Perempuan tak sempat memperhatikan kecantikan di masa perang? Rasanya tidak! Tahun 1940, tepatnya saat Perang Dunia II berkecamuk, di mana para laki-laki pergi berperang, perempuan mengambil alih semua pekerjaan mereka. Keterbatasan produk kecantikan akibat peperangan justru menciptakan kecerdikan tersendiri dalam ber-make up.
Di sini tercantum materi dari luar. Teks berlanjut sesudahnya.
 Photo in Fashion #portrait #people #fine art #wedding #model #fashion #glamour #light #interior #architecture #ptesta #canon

Bibir merah dan alis coklat melengkung mendefinisikan tren make up yang lazim bagi perempuan dari semua kelas terutama di Inggris dan Amerika, tentu saja pada dekade tersebut. Mereka membutuhkan make up yang tidak ‘rewel’.
Berlawanan dengan perkembangan make up di masa kini yang demikian pesat, make up ala 1940 lebih mirip kebiasaan yang diwariskan dari generasi ke generasi. Motif privilese tidak terlalu mendominasi, bahkan kata ‘minimalis’ belum berlaku di sini. Perempuan 1940-an lebih fokus bagaimana menjadi cantik secara gesit.
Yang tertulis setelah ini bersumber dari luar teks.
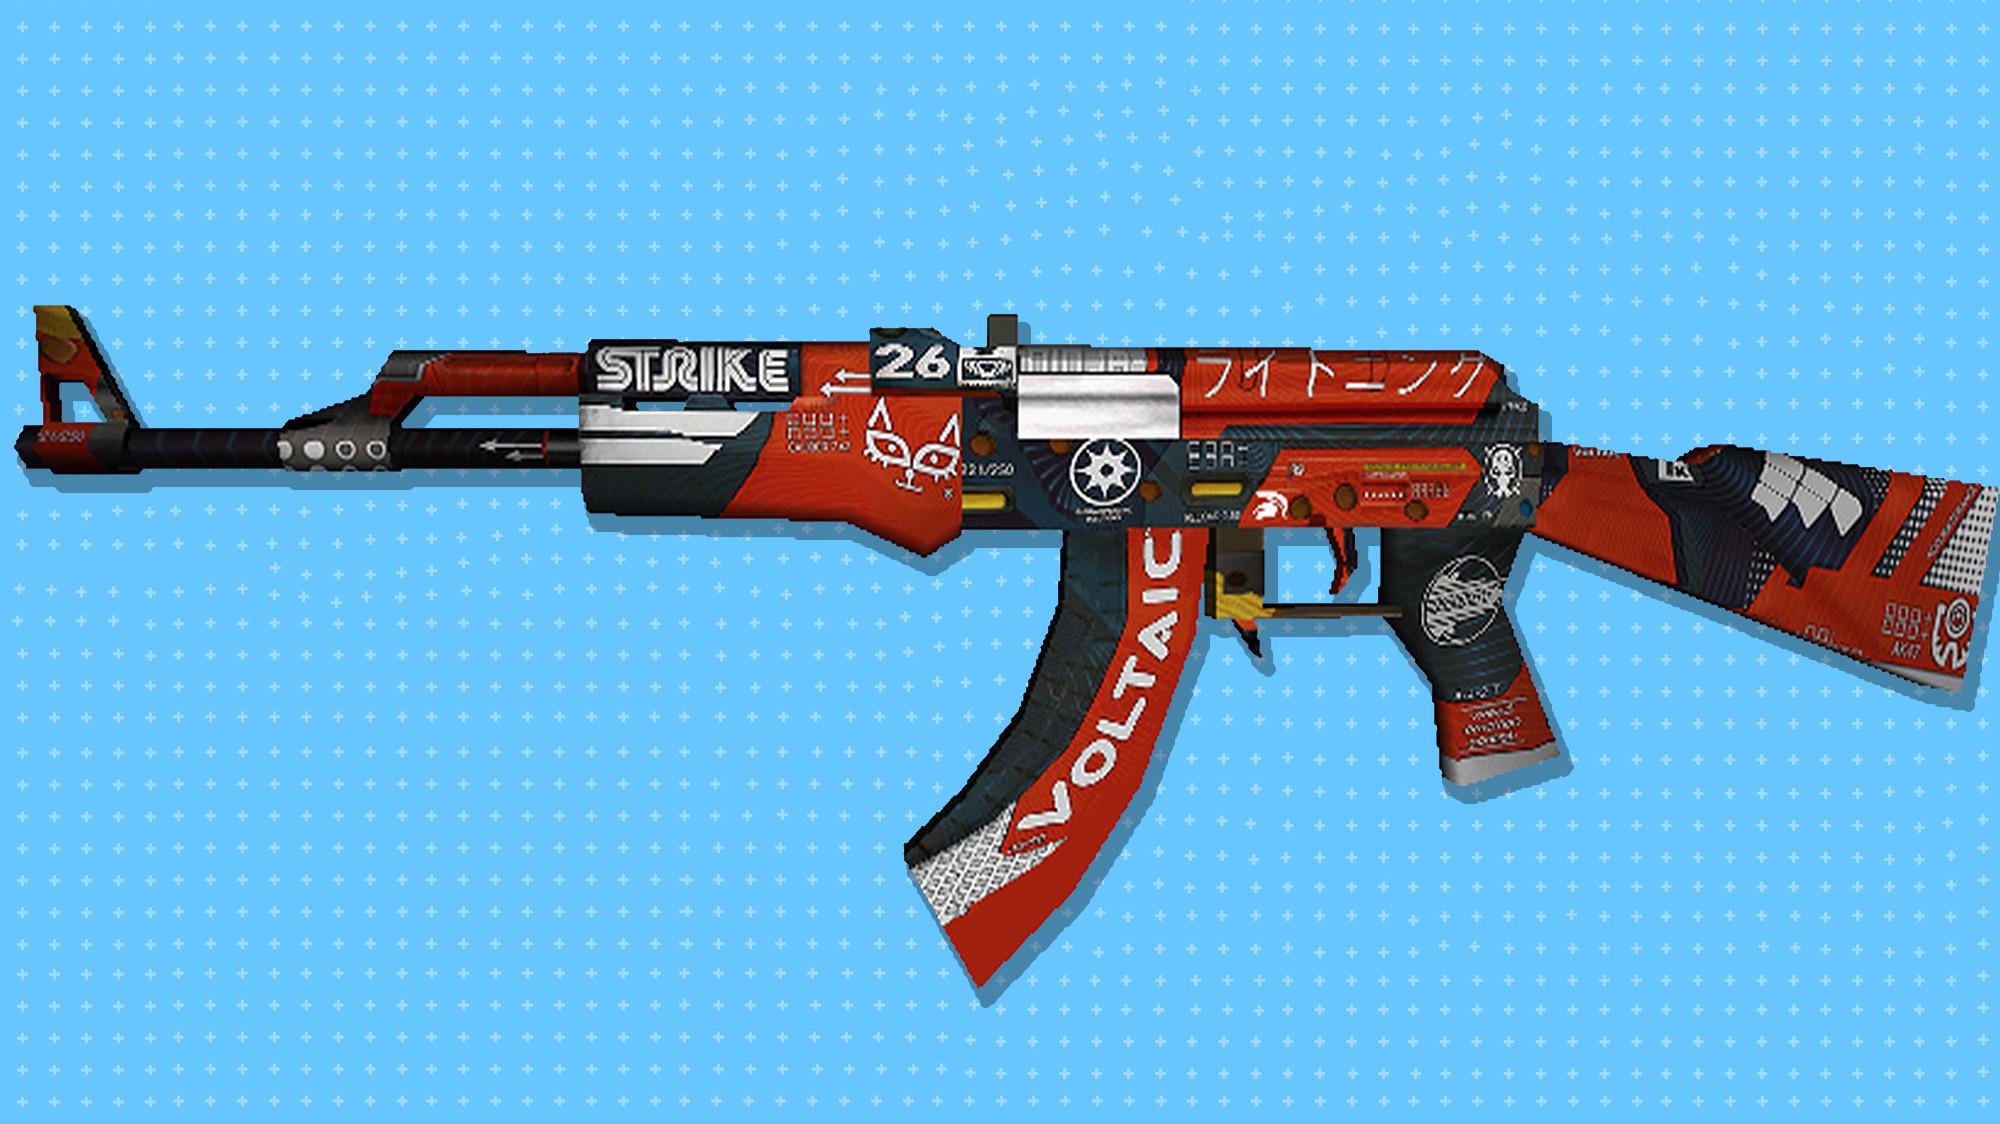 Bloodsport - AK-47 58d7c6209ab3b

Pada masa itu, make up bukan sekedar komponen intrinsik dalam gaya keseharian. Bagi perempuan Amerika, lipstik menunjukkan martabat sebuah bangsa. Terjadi demonstrasi yang dilakukan oleh kalangan perempuan ketika Dewan Produksi untuk peperangan berencana melakukan penjatahan. Memakai lipstik adalah cara menjaga feminimitas saat melakukan pekerjaan laki-laki. Stimulus lain, tak jauh beda dengan fenomena sekarang, iklan-iklan pun mendorong mereka untuk memiliki lipstik.
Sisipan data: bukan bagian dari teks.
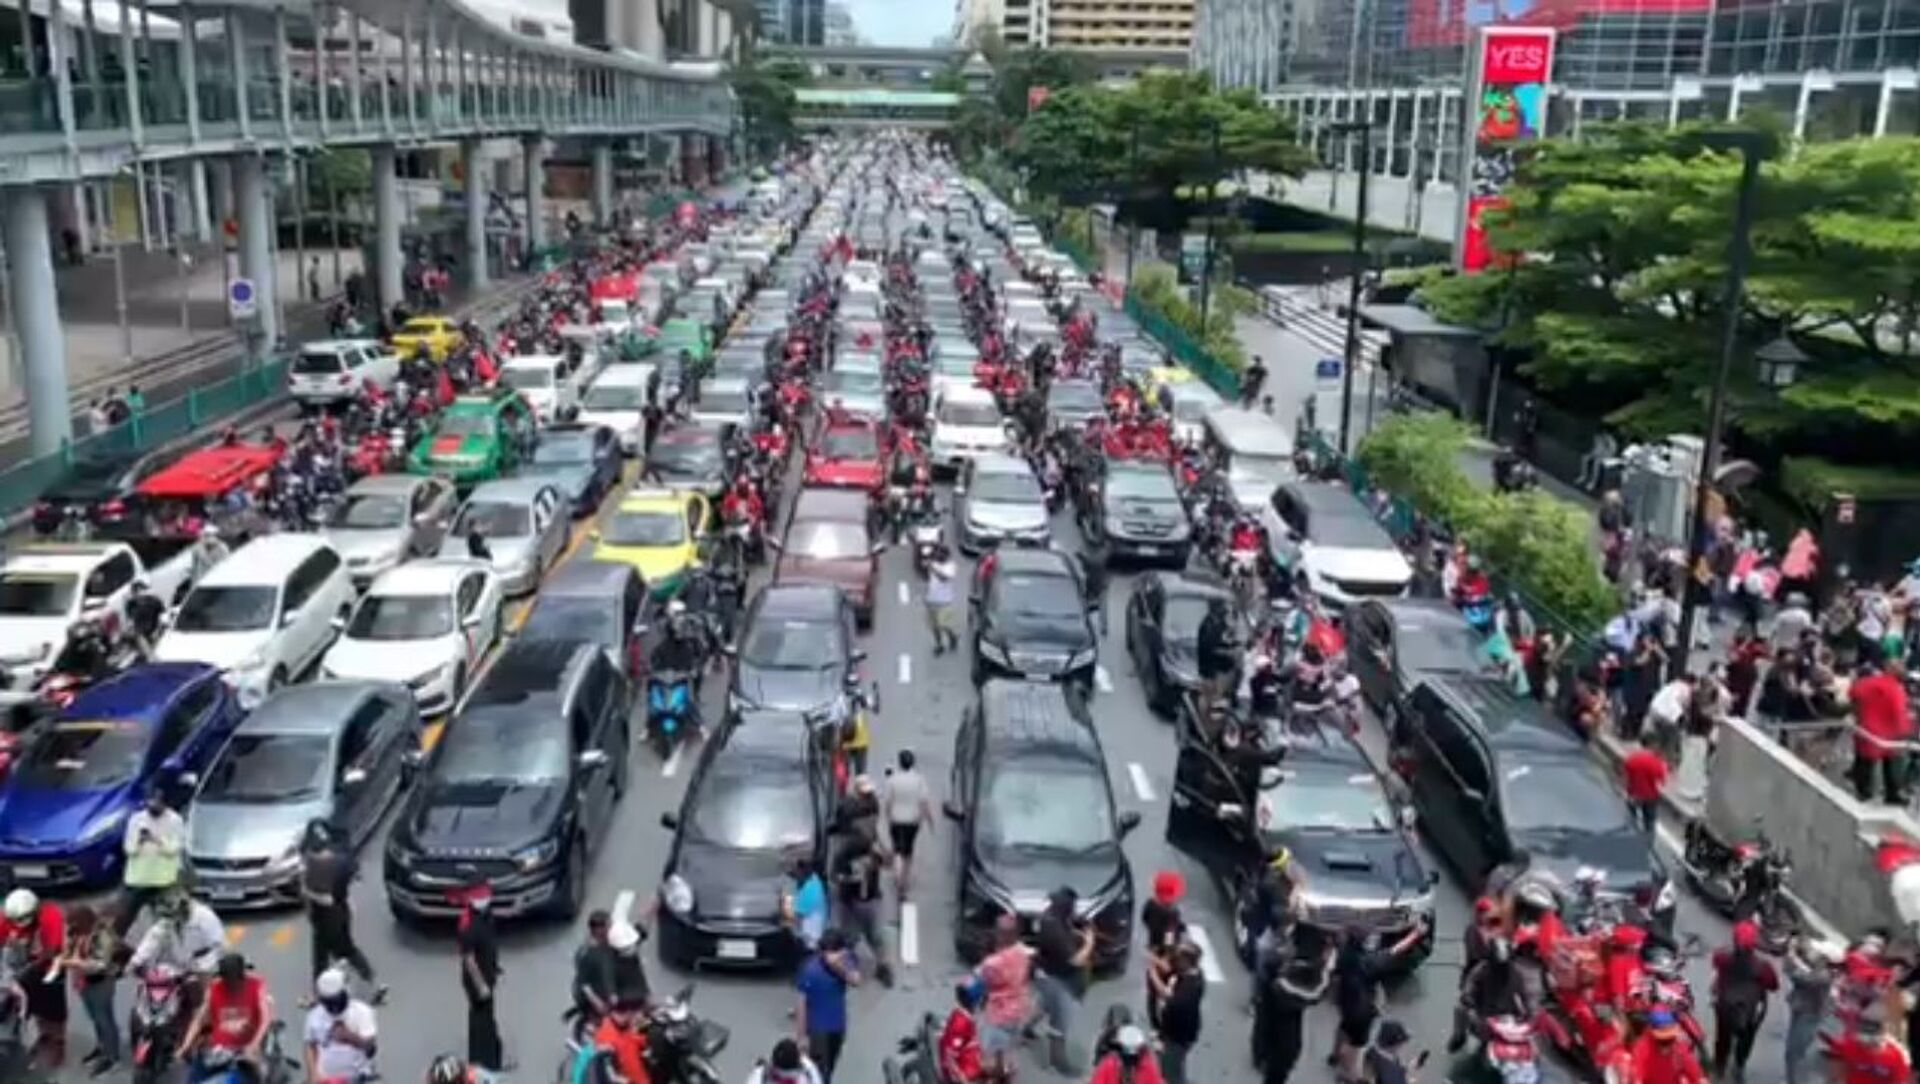 Car Protest Staged in Bangkok Over Gov't Handling of COVID-19 - Sputnik International, 1920, 01.08.2021

Agaknya perempuan Inggris tak seberuntung perempuan Amerika. Penjatahan kosmetik tetap berlangsung walau perang usai, bahkan melenggang hingga 1954. Mereka terpaksa mewarnai bibir dengan jus buah bit dan memperoleh shading gelap untuk eyeshadow dari jelaga lilin. Tak hanya itu, keterbatasan alkohol membuat bi-carbonate menjelma jadi penangkal bau badan atau deodoran.